── Data for processing

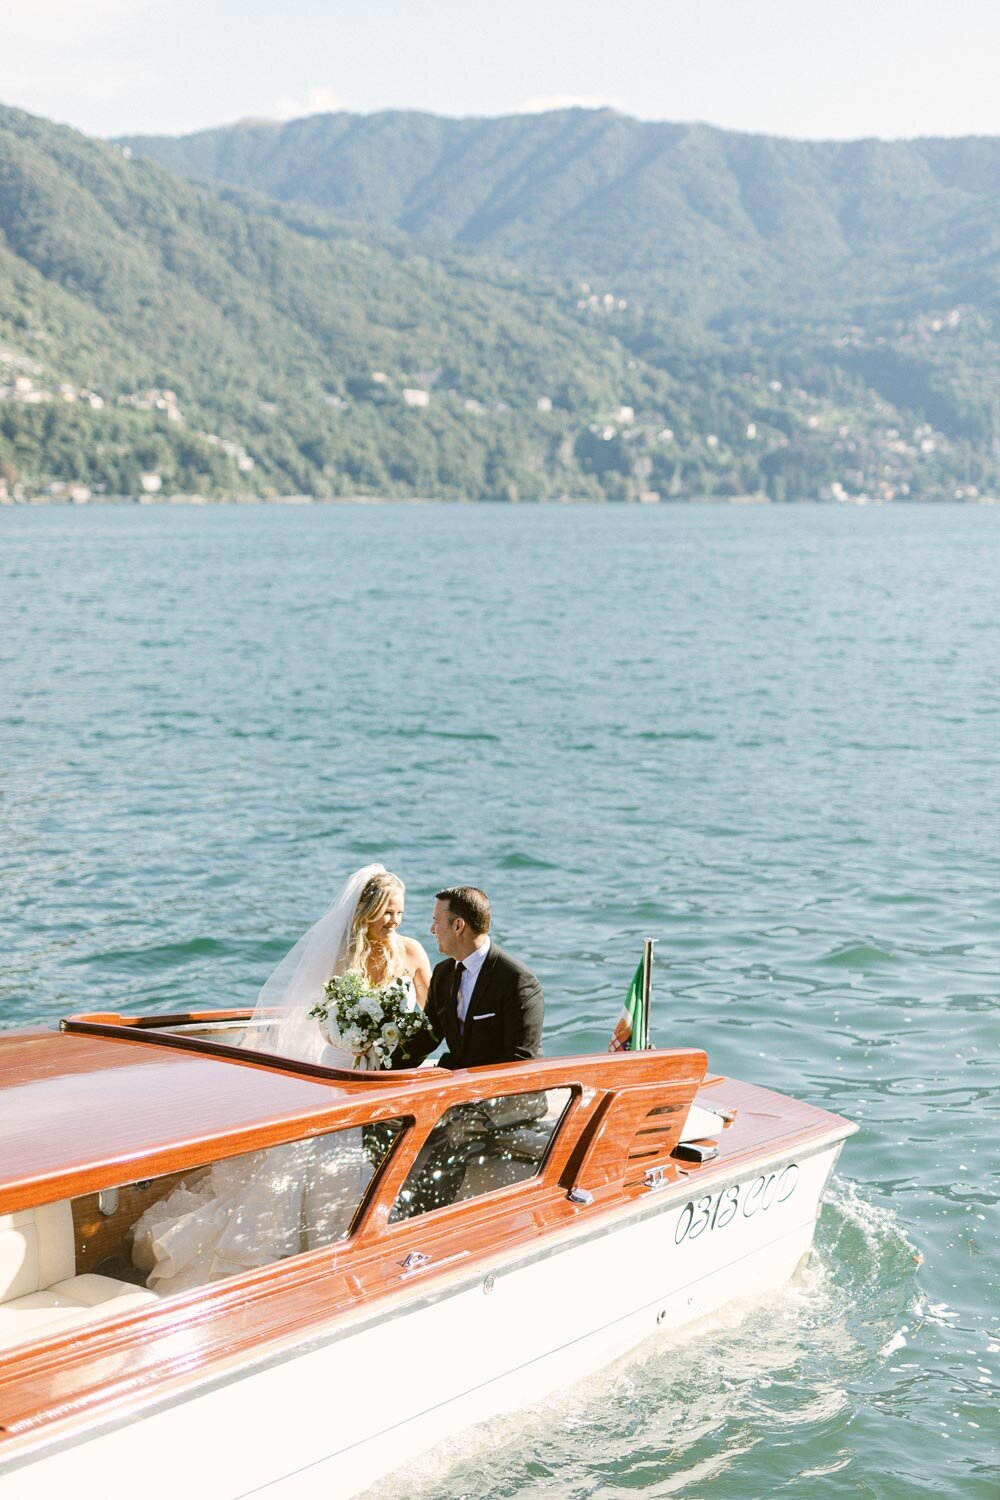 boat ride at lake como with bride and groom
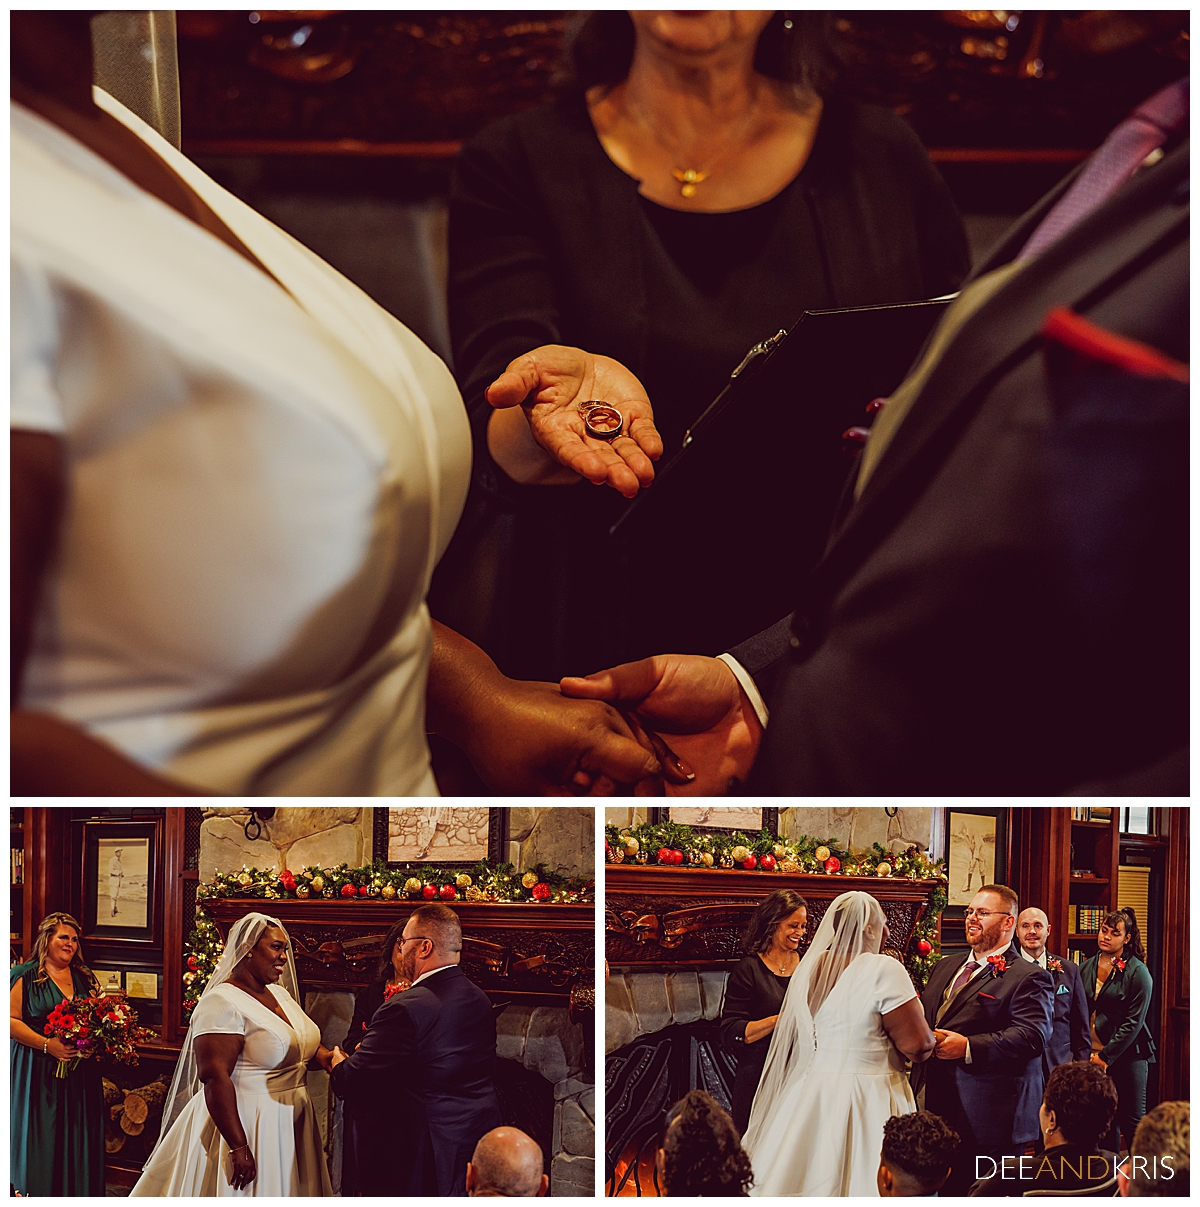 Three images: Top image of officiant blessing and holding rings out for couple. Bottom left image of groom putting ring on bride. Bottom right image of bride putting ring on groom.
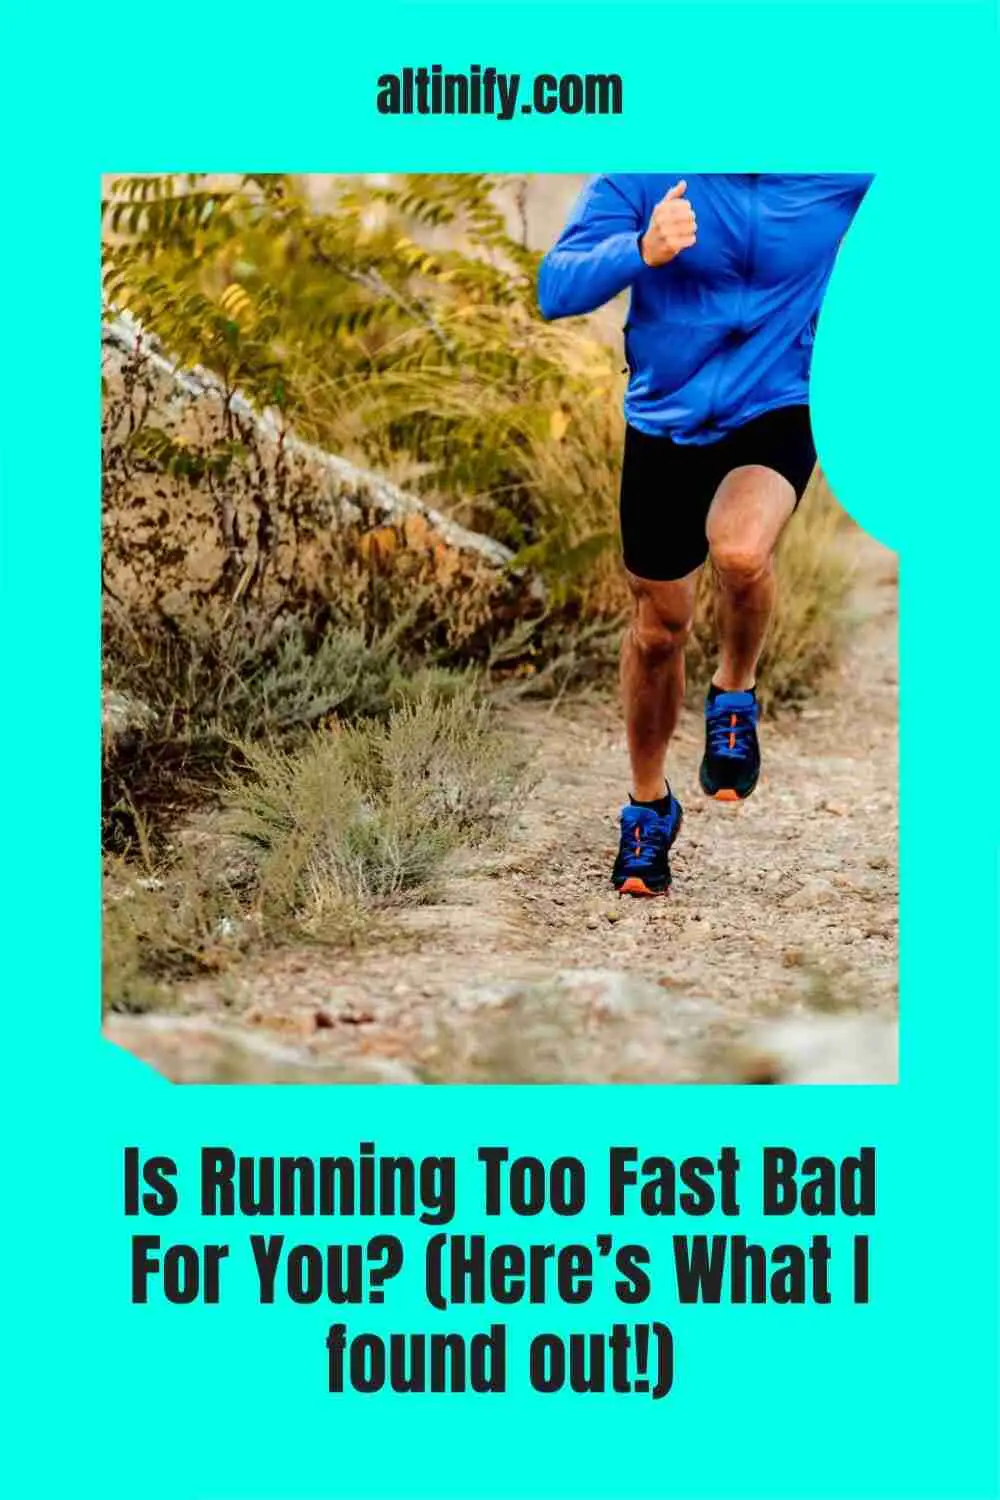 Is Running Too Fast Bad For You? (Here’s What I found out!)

────
── Data for processing

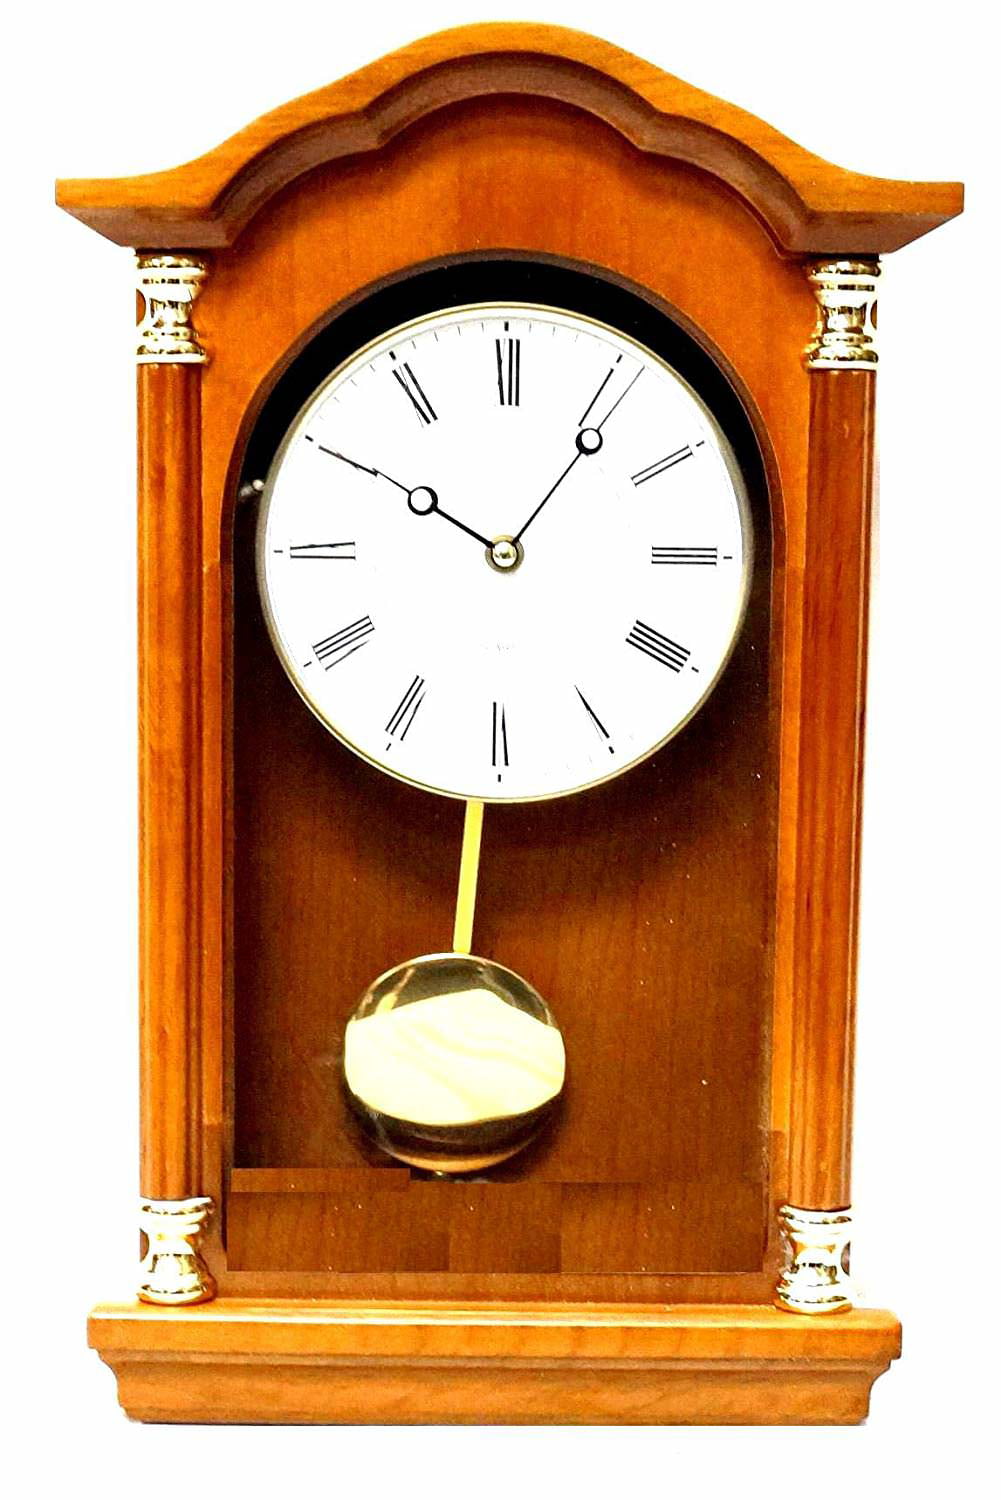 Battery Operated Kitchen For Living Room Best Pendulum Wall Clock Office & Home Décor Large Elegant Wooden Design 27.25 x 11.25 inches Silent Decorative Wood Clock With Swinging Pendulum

────
── Data for processing

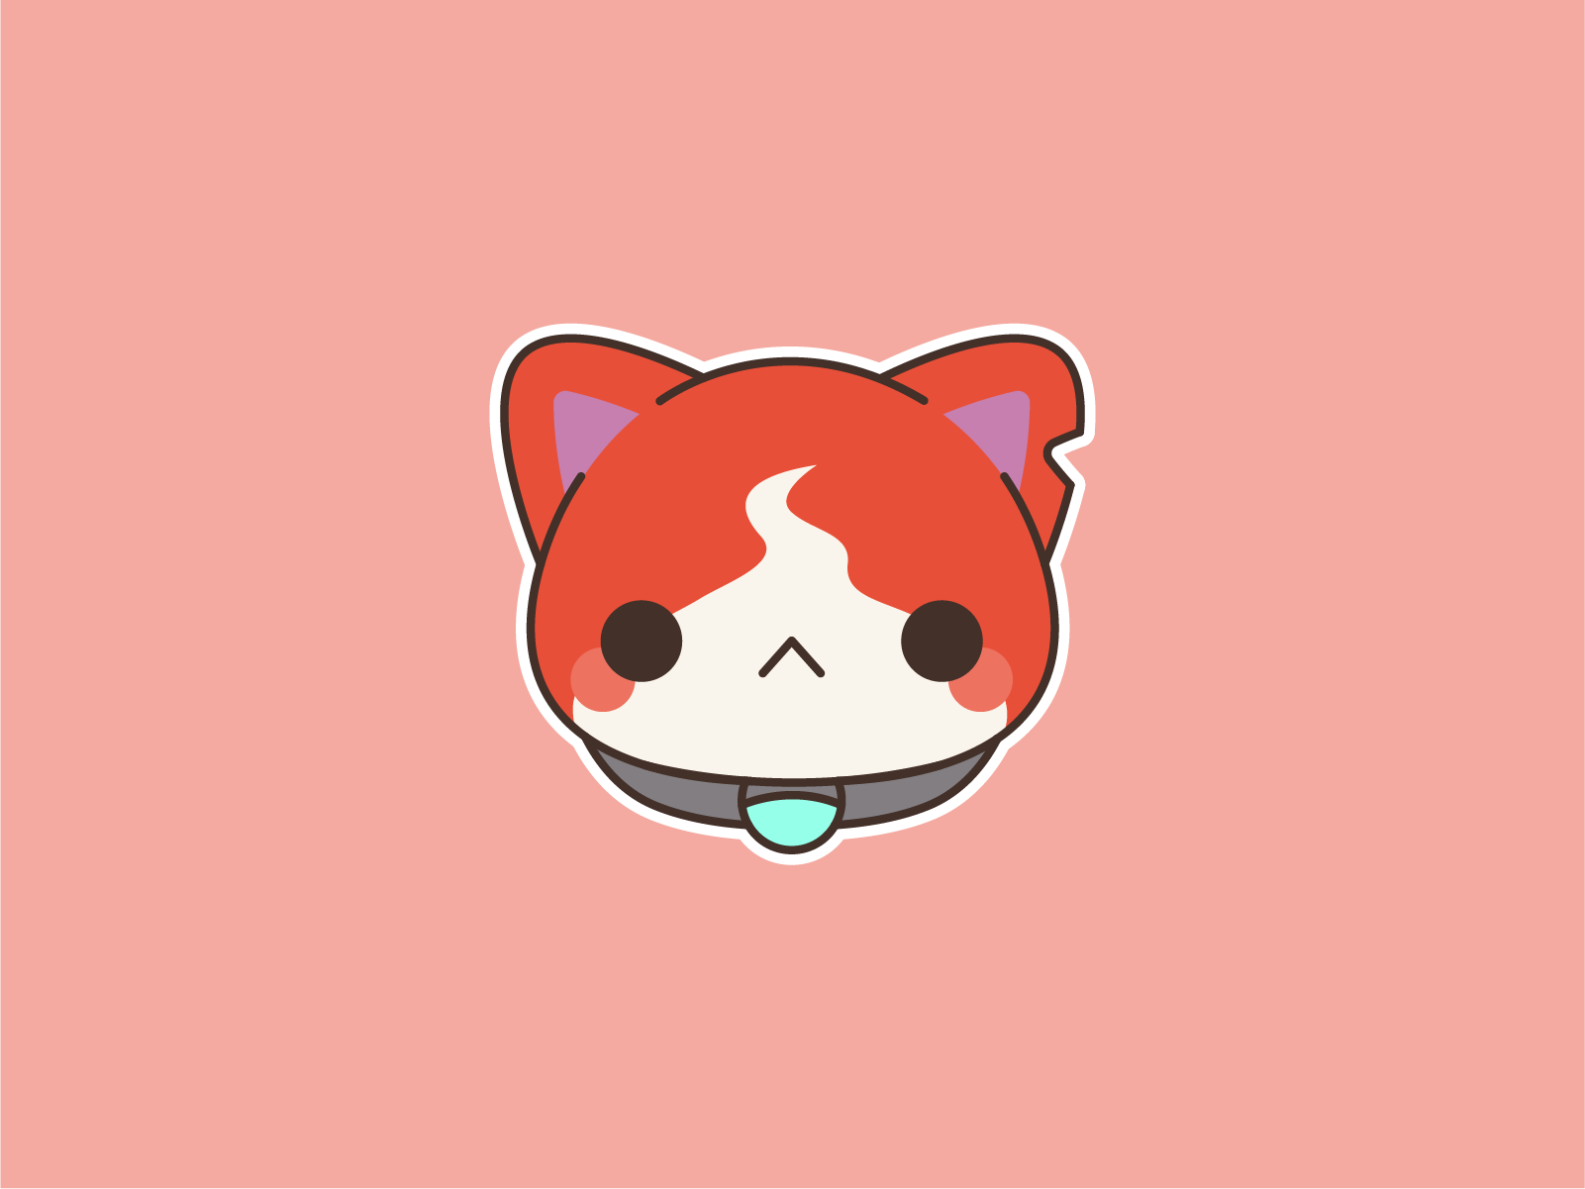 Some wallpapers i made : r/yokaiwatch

────

● Work order
The lines above starting at the one that holds "Three images: Top" and ending at the one that holds "Is Running Too" are to be written out exactly, ends included, and no pictures are to be copied.

● Task response
 Three images: Top image of officiant blessing and holding rings out for couple. Bottom left image of groom putting ring on bride. Bottom right image of bride putting ring on groom.
 Is Running Too Fast Bad For You? (Here’s What I found out!)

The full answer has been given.